HBO has made a habit out of creating hyper-realistic fantasy worlds using brilliant pieces of literature, and the stunning new series "Westworld" fits right into that bracket. The series kicked off in spectacular fashion with a premiere that managed to introduce us to the world while also showcasing the many problems festering under the hood.

What is Westworld?

We are introduced to two parallel worlds that are deeply interconnected with one another. The first is Westworld – A massive, state-of-the-art amusement park where the ‘hosts’ (cyborgs) provide 'newcomers' (guests at the park) with an authentic wild, wild, west-style experience.

The second is the organization responsible for running Westworld and ensuring the smooth functioning of its extremely complex elements.

The hosts reset their memories on a daily basis and are programmed to behave like human beings living in older western times, with each host given a unique personality and backstory. They are also programmed to not hurt living beings and stick to a given script that follows the overall narrative in the park at any point. They only improvise slightly whenever necessary.

Festering issues

The hosts are updated on a regular basis in order to maintain maximum efficiency, but problems begin to arise after the lead programmer Bernard conducts the latest update. He notices several hosts behaving in a strange manner, with one of the hosts even behaving psychopathically and killing numerous other hosts. Robert uses the help of Theresa Cullen - the operations leader, and Lee Sizemore – the narrative director, to extract the dysfunctional hosts without letting it affect the overall functioning of the park.
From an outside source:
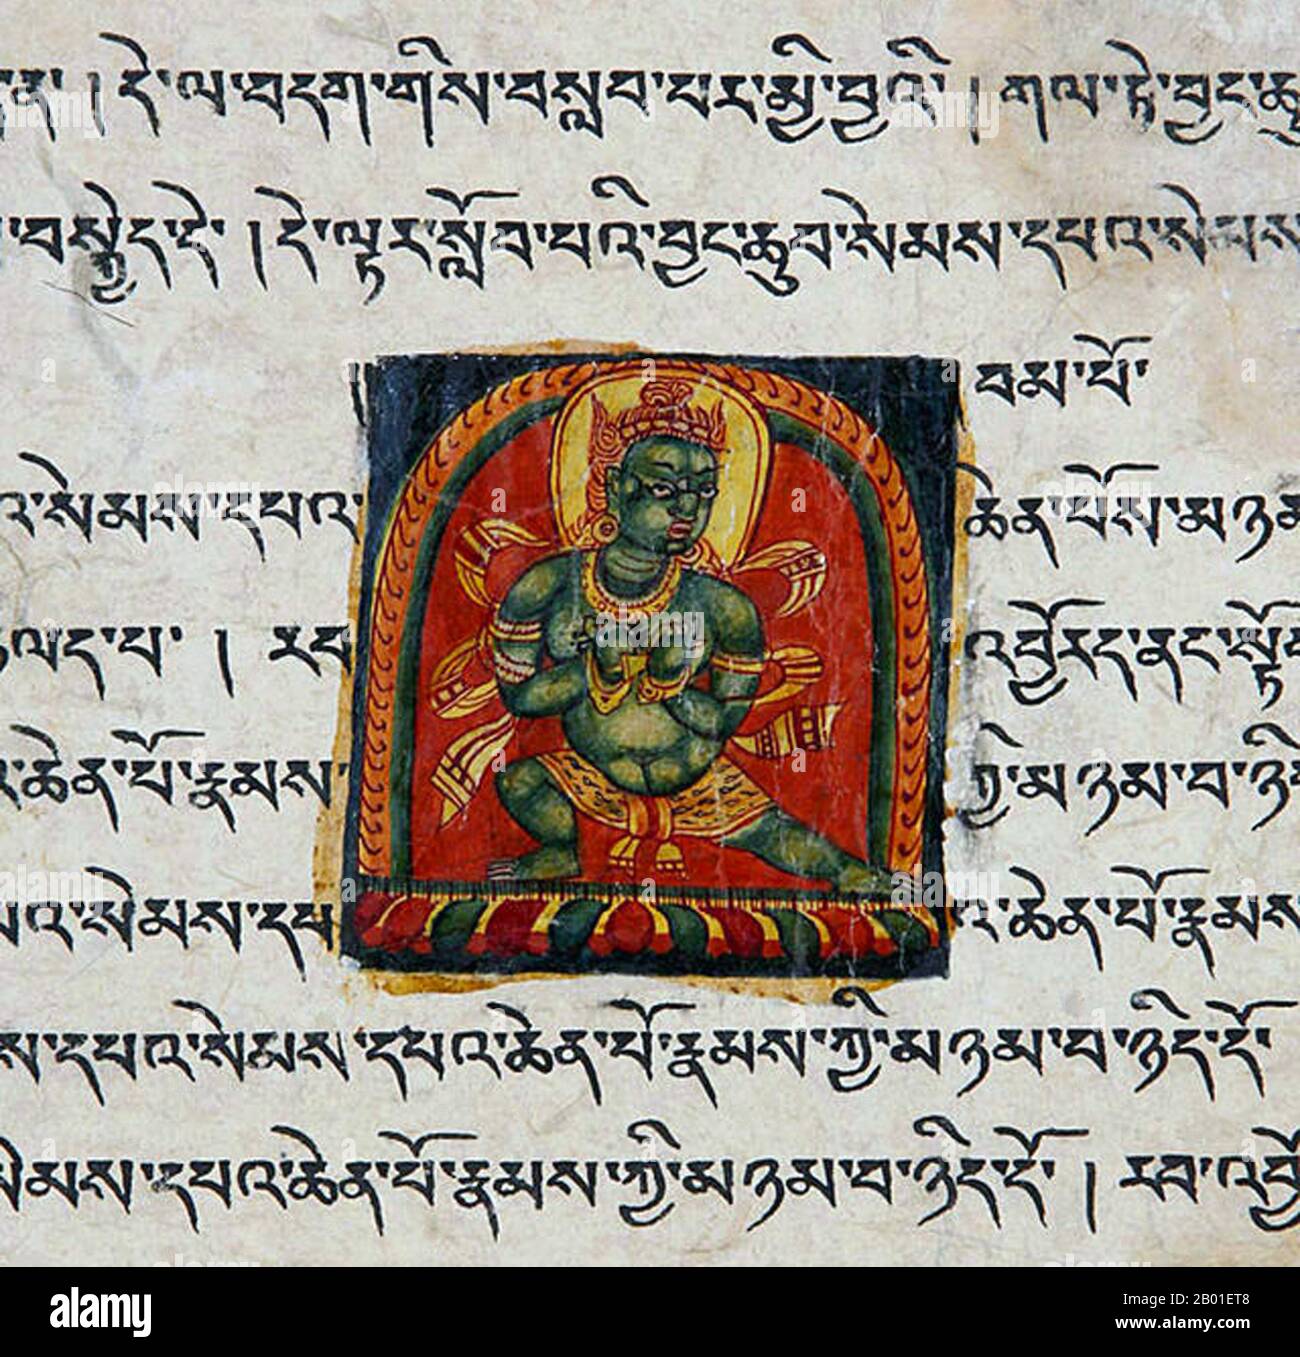 China/Tibet: Abschnitt aus einem beleuchteten Manuskript, c. 12.-13. Jahrhundert. Das tibetische Alphabet ist eine Abugida indischer Herkunft, die sowohl die tibetische Sprache als auch die Dzongkha-Sprache, Denzongkha, Ladakhi und manchmal die Balti-Sprache schreibt. Die gedruckte Schrift des Alphabets heißt uchen script (Tibetisch: དབུ་ཅན་; Wylie: dbu-can; 'mit Kopf'), während die handgeschriebene kursive Schrift, die im Alltag verwendet wird, umê heißt (Tibetisch: དབུ་མེད་; Wylie: dbu-med; 'kopflose'). Das Alphabet ist eng mit einer breiten tibetischen Identität verbunden. Stockfoto
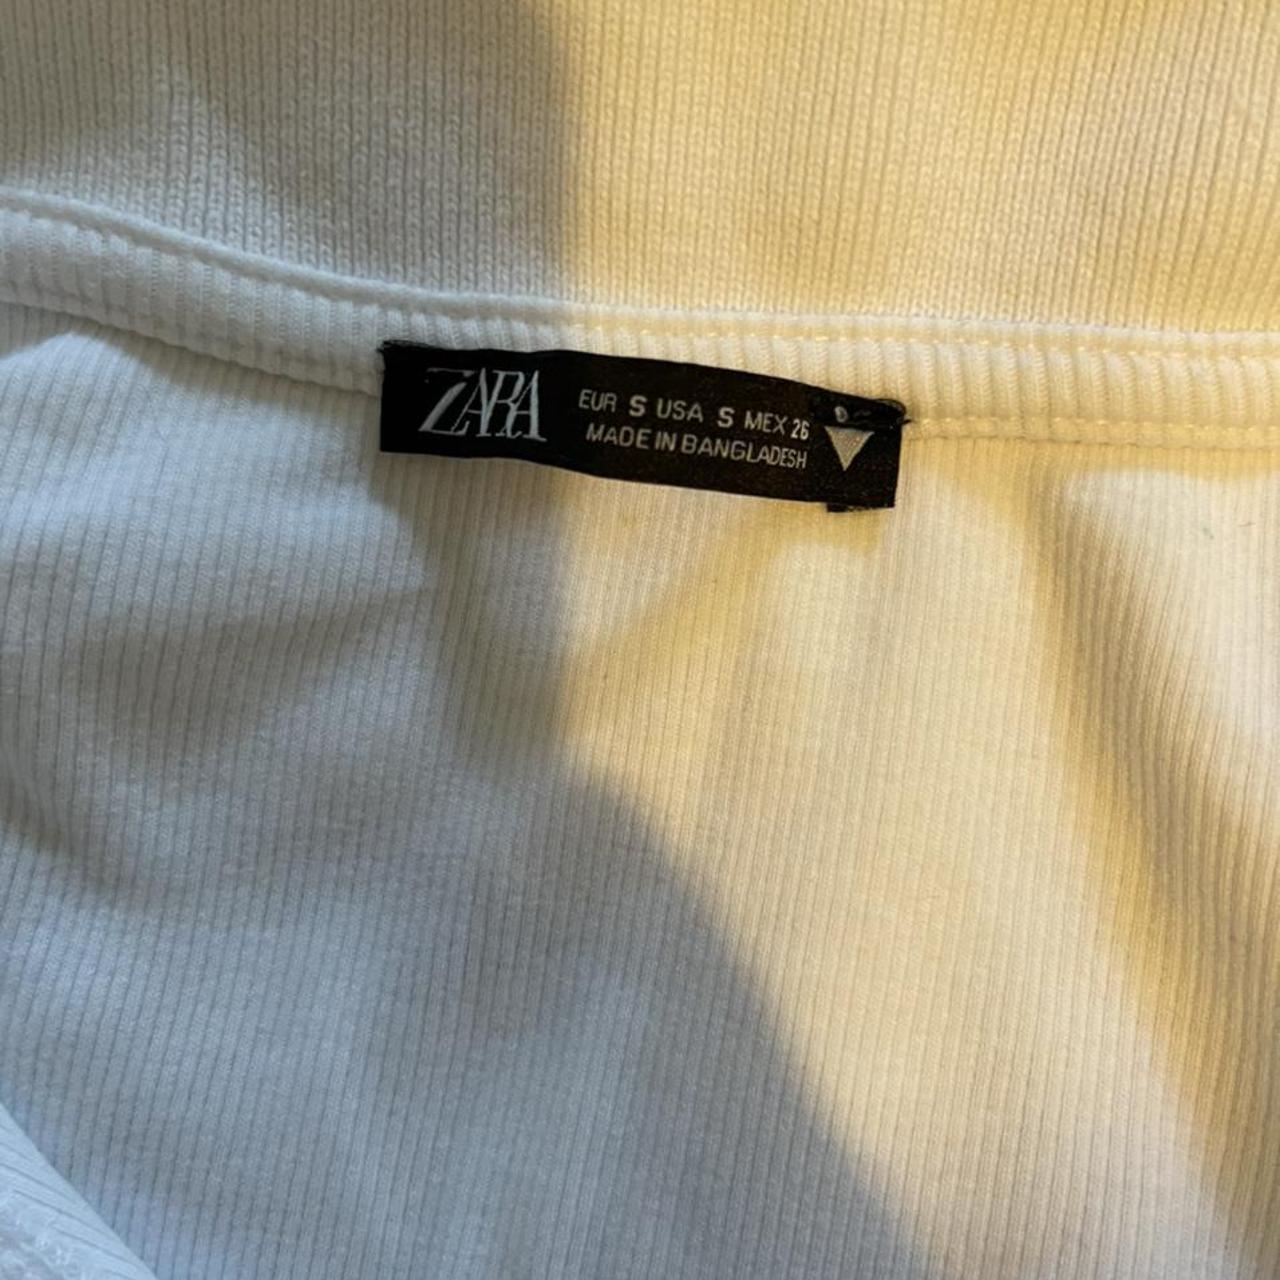 Zara T-shirt. Size Small - Depop

During this irregularity, we are introduced to the life of Dolores Abernathy, one of the oldest hosts in the park whose latest personality involves being a simple, grounded, positive and family-oriented farm girl. She is deeply in love with Teddy Flood and highly devoted to her parents. The show walks us through a couple of highly contrasting days in Dolores’ life, even though she stays true to her nature during all the accompanying incidents.

One of the days involves her being rescued by Teddy after bandits shoot and kill her father. Unfortunately for her, a mysterious newcomer known as the man in black (who has been supposedly visiting the park for decades) kills Teddy and ends up having his way with Dolores. It is later revealed that the man in black is searching for a deeper game being played in Westworld, as we see him hunt down another host and skin his head to reveal a hidden symbol over his cranium.

After the day resets, Dolores’ father find a picture from the real world in his farm and begins to behave erratically when he isn’t able to recognize anything in the photograph.

Bernard uses the help of Dr. Robert Ford, the creative director of Westworld, to pinpoint the nature of the problem in Dolores’ father. Upon interviewing him, we see hints of the artificial intelligence that is running the hosts take charge and threaten Ford about living in a ‘prison of his own sins’.

Ford and Bernard lock Dolores’ dad in a cold storage and set Dolores free after conducting several tests to determine the normalcy of her state of mind. The episode ends with Dolores killing a fly that is hovering around her face, a sign that she is moved past the rule of not hurting living beings.